Imagine that you get a notification with important content that is well formatted and draws your attention. You decide that you’ll open it. The app handles the default action and explicitly connects you to the content with deep links. All you see, however is a spinner for loading. You actually see the content you just previewed in the update after a couple of seconds.

Wouldn’t it be much easier if the content could be instantly seen by a user? That kind of magic is not possible most of the time. But with notifications, when the notification first arrives, it is possible to retrieve and cache information. When the app is opened by a user, either through the notification itself or directly, it can be made instantly accessible to him or her. At that point, you may also have the content refreshed to make sure that everything is up to date.

Requesting Permission

You need to seek permission from the user before you can do something about notifications. Don’t automatically make this appeal. Users do not want to be prompted immediately after installing an app for notification authorization. They are likely to test your app and are not yet sure if value will be given by your alerts. This is important since iOS only makes it possible to make this request once. The only way to turn them on if the user refuses is for the user to go to the settings and activate it manually. For this purpose, when alerts have been shut off (either from the permission prompt or later in the settings), you can include a fallback state, including a link and instructions to allow them again.
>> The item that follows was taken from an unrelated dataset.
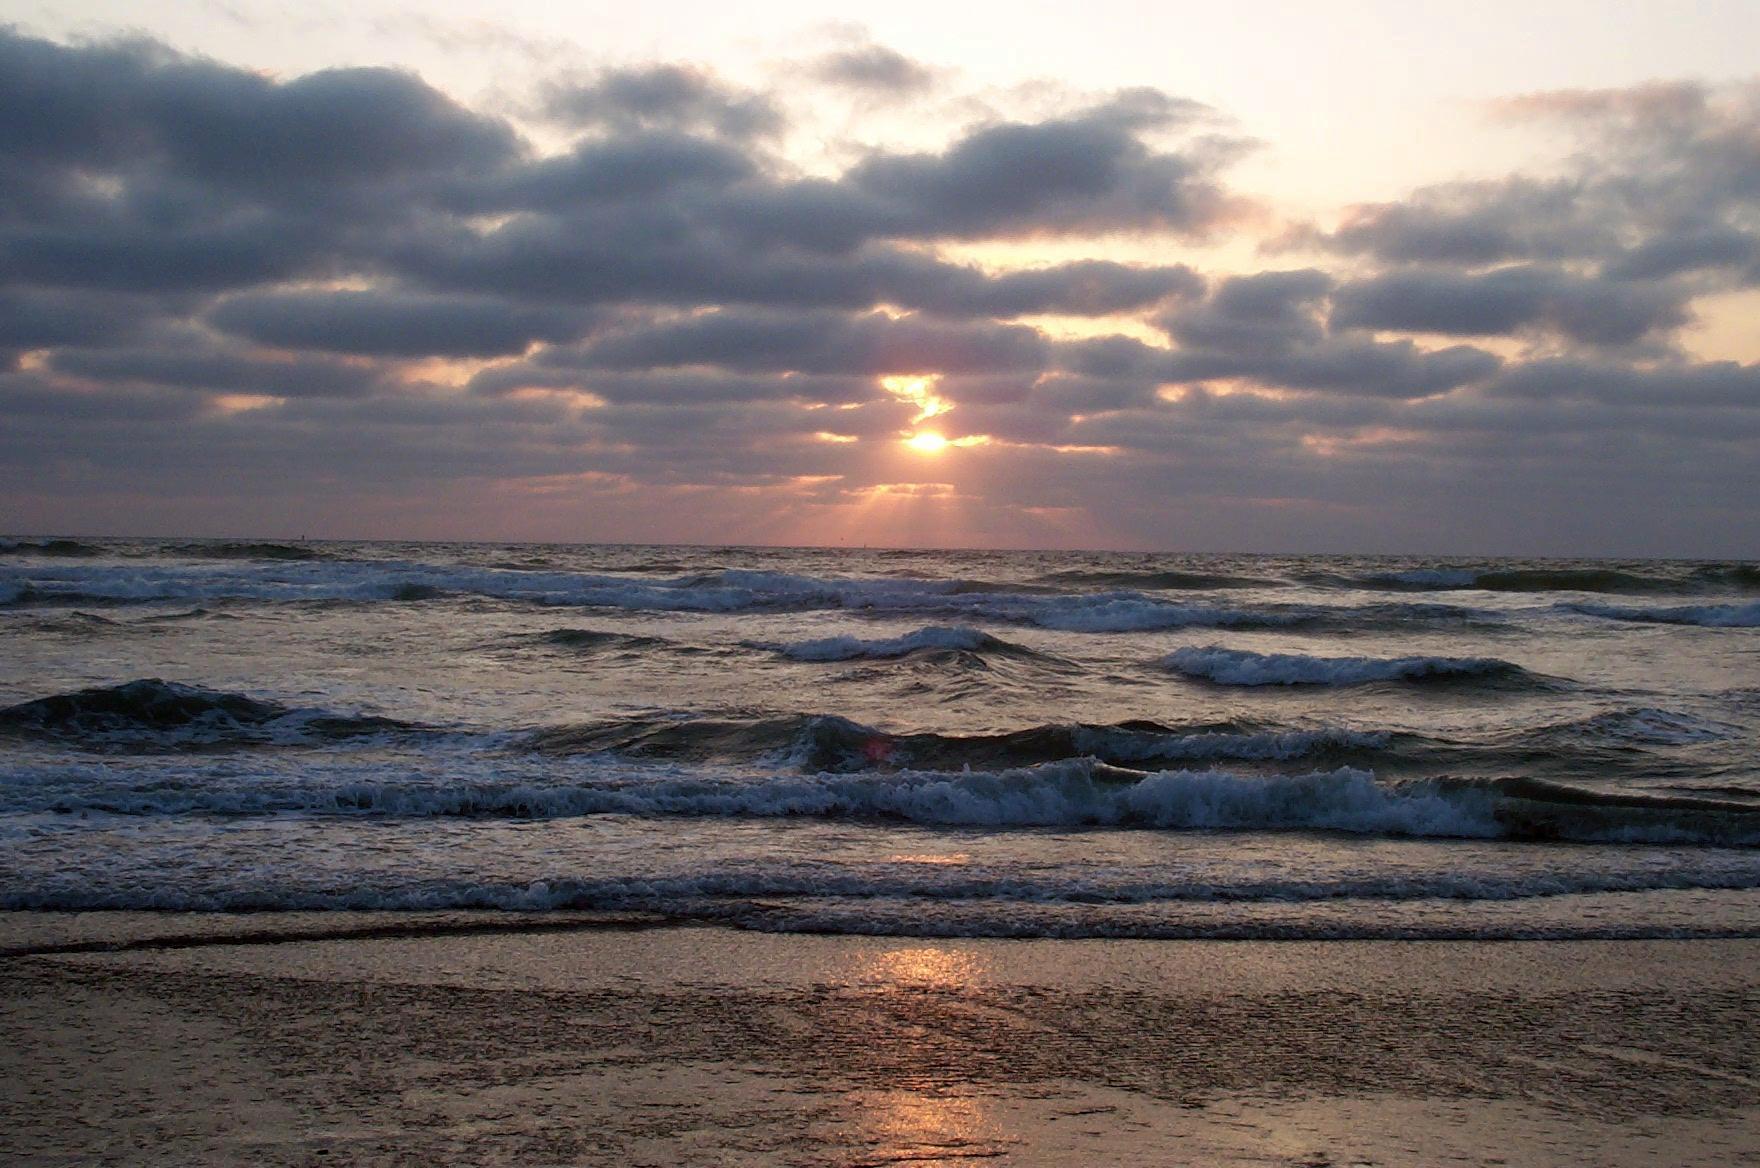 Oregon Shores: 40 Years of Protecting Oregon's Coast

Fortunately, there are also different approvals for push alerts and user notifications. So while without user permission, you can’t display an alarm, play a sound, or add a badge, you can send silent alerts, which can be helpful while your app is open or in the background to fetch content.

Even better, you can request what’s called “provisional authorization” from iOS 12. The user would not be asked for approval in this situation. Sounds will not play, but badges will appear in the Notification Center and the lock screen, and warnings will be shown. At that point, iOS will ask if your users interact with those quiet notifications if they want to continue receiving them and allow full notification permissions. This is a perfect way of making it easier for users to receive updates while they are new to your app.

Author Bio:

Eric has helped start-ups and small businesses sell, unique concepts with best-of-breed HTML/CSS, JS, Python, and C# bits, most recently as a technical consultant for software creation.He currently works with mobile app development company dubai.